The other day a friend linked this twitter thread: https://twitter.com/RustedMoss/status/1678809365975793664
I thought it was fairly neat that just starting with one system, (hair physics), by throwing it into a bunch of proof-of-concept demos it started to become clear what it was actually useful for (grappling hook mechanic). It kind of reminded me of another short talk I had seen some time ago where a developer over 20 minutes ran through about a dozen different scrapped projects. They were all platformers and it was pretty clear by the end they were basically all stemming from a single “base project”.
In theory putting together a base for a platformer is pretty straightforward if you make some assumptions about the types of things all of the theoretical platformers you’d ever like to make need. For instance:
- Movement + Collision system
- Player controller (ideally pre-tweaked for good gamefeel)
- Animation state machine
- Loading/Moving between maps or levels
With some other optional nice-to-haves
- Health, game over screen
- A basic “enemy” entity (kills/damages you on contact)
- Combat system (hitboxes, animation frametimes, “hitstun”/gamefeel)
- Depending on the engine, you may need some integration with third-party tools like level editors and such too.
Obviously all of these things are pretty well documented and solved features for most game engines. That being said, implementing them in a way that your future self could reuse and iterate on is not always that well explained. I don’t think what I’m saying here is that revolutionary or anything, but I don’t think I’ve ever put something together that really functions well as a “base” like this. I think there are some architectural concerns that you have to work around that you wouldn’t necessarily think about if you had a singular vision for a game and tried to just quickly make THAT idea specifically. You might want to engineer as much as you can as “modules” - things you can plug in and out depending on what you actually need. No need for a combat system if your game is just insta-kill spikes you have to jump over, for example.

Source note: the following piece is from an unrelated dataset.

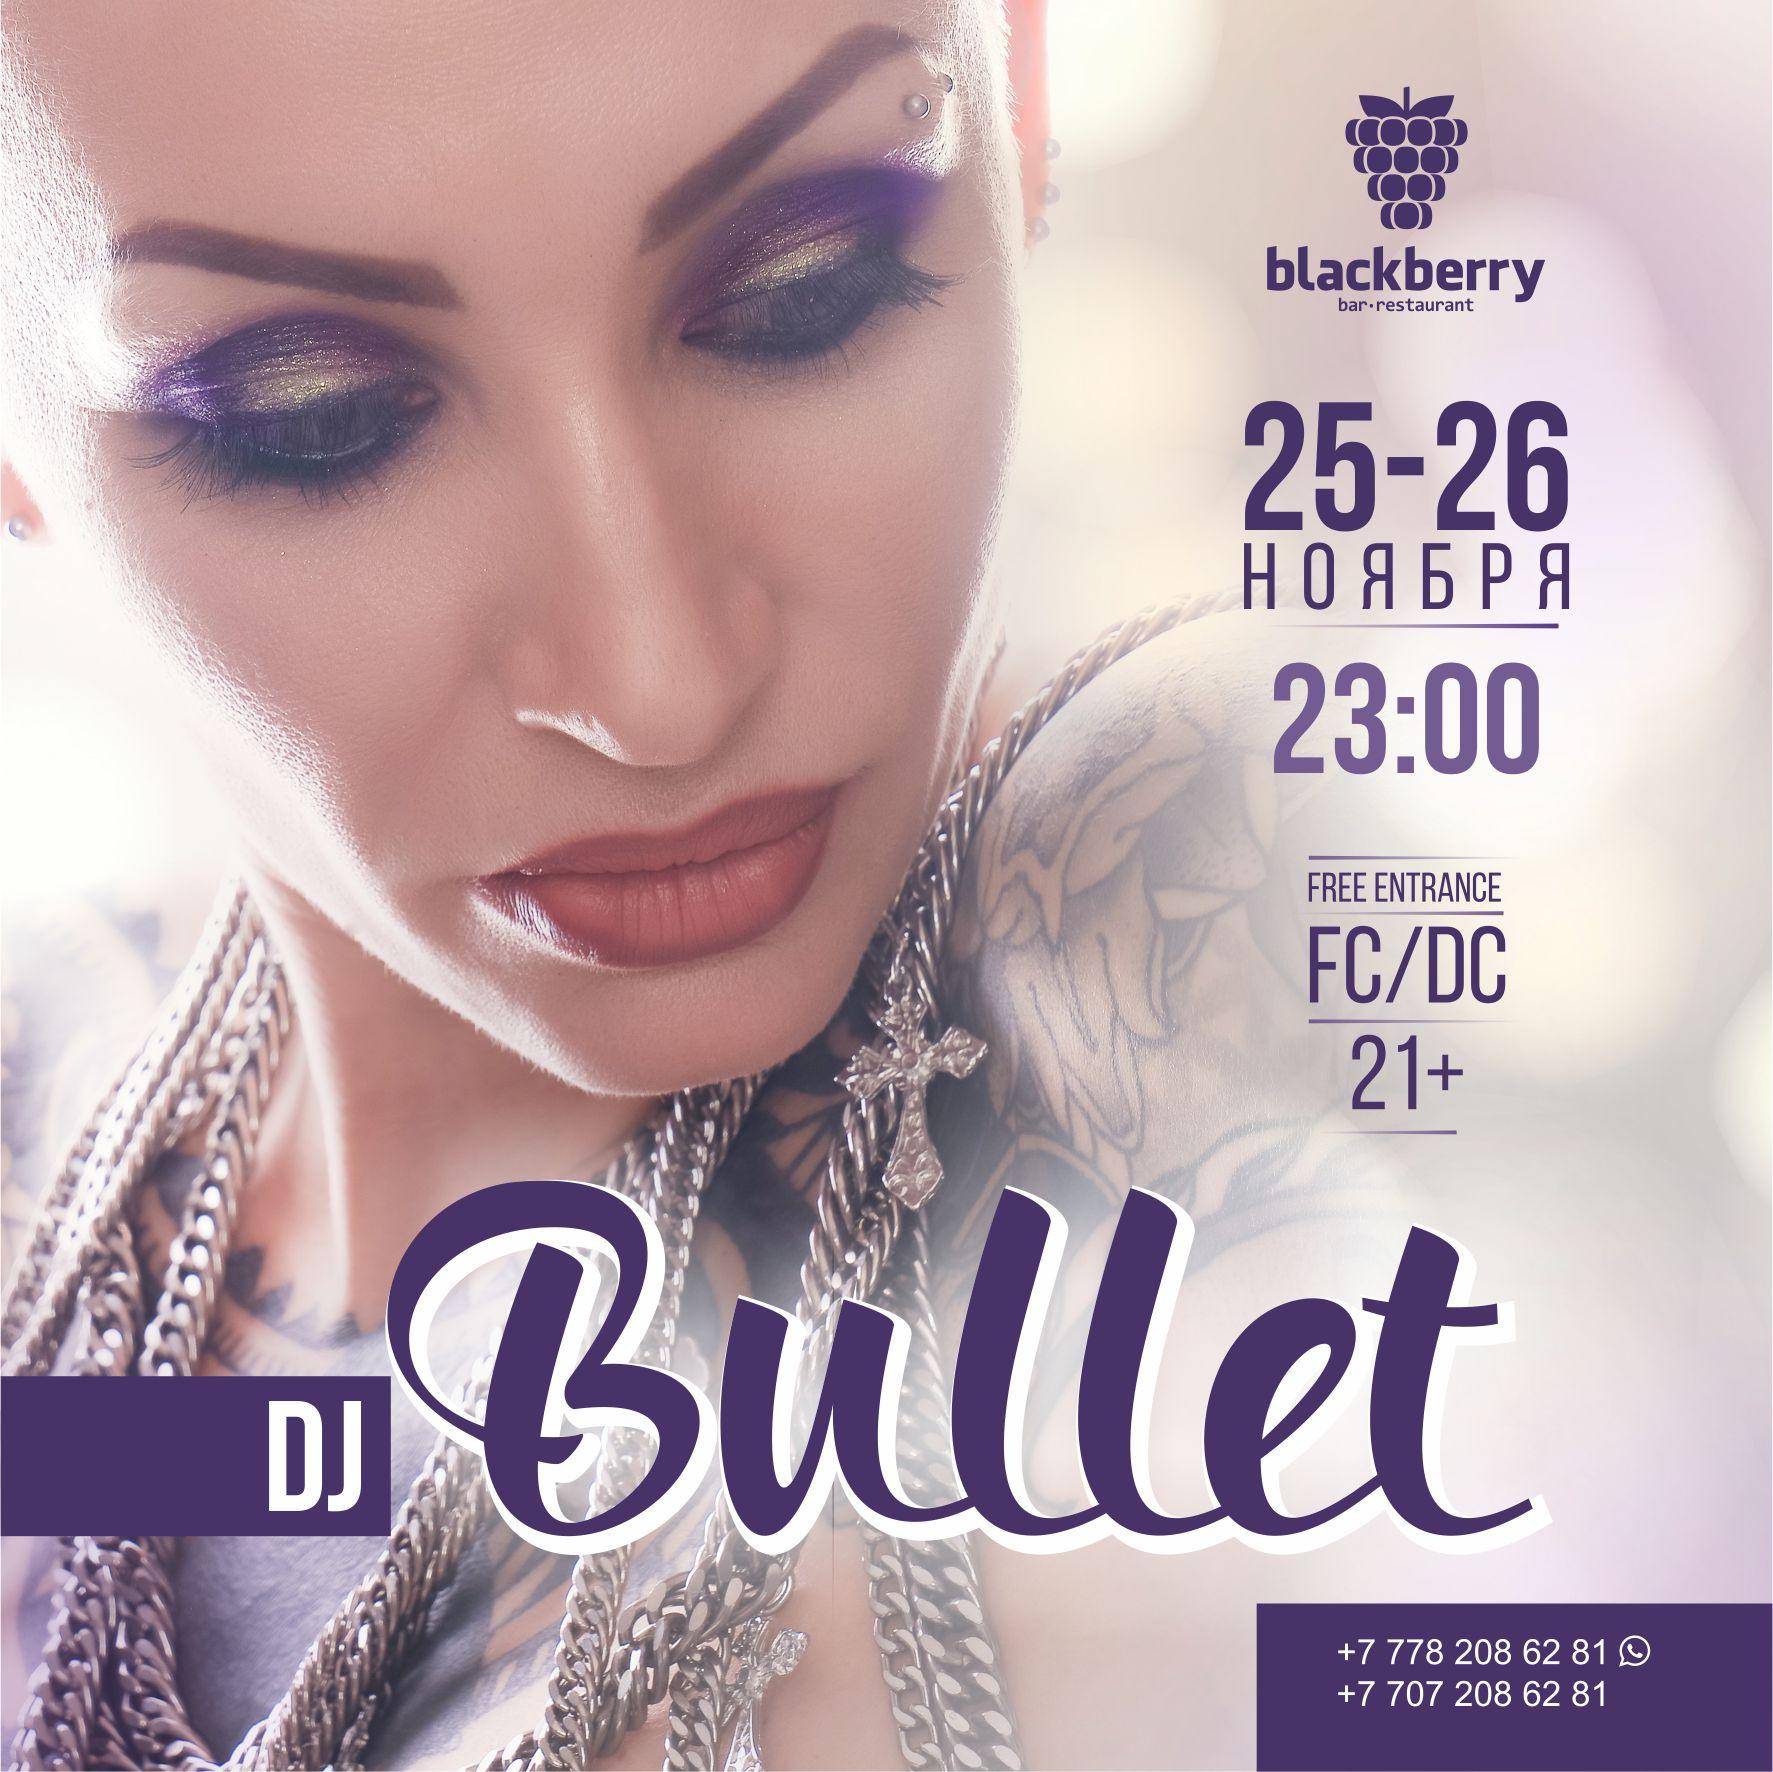 DJ Bullet в Blackberry Bar-restaurant

I’m sure a lot of devs already work in a way like this, but it’s totally a skill in it of itself to write code that is easy to recycle throughout the future. Part of why I think I have avoided this kind of development is that I do tend to stress on implementing things super “broadly” and delve into just refactoring every couple months, when the truth is you just aren’t able to write code that adapts to every single situation or requirement you might have.
It does sound really useful to have something like this where if I do get some spark for a game concept, I could spend a week just playing around making the singular feature I have an idea for, and trust the rest of the boilerplate mechanics already work to my liking. You could start up and completely scrap something new every week until you find something that feels cool enough to turn into a larger project. And as you build and release smaller games, your “base project” over time gets more and more refined with features, and players can track over time the way your concepts improve.
Platformers are pretty straightforward but I’d be pretty interested to see what an architecture like this looks like across other genres, too, like RPGs, zeldalikes, and such. It could also be neat to build out some sort of “general use” base for people, and do a kind of challenge where different groups try to expand on it in different directions, gamejam-style. I’d be interested to hear if you know any devs who have work well in this way, or if you have any thoughts on how you approach this kind of modularity?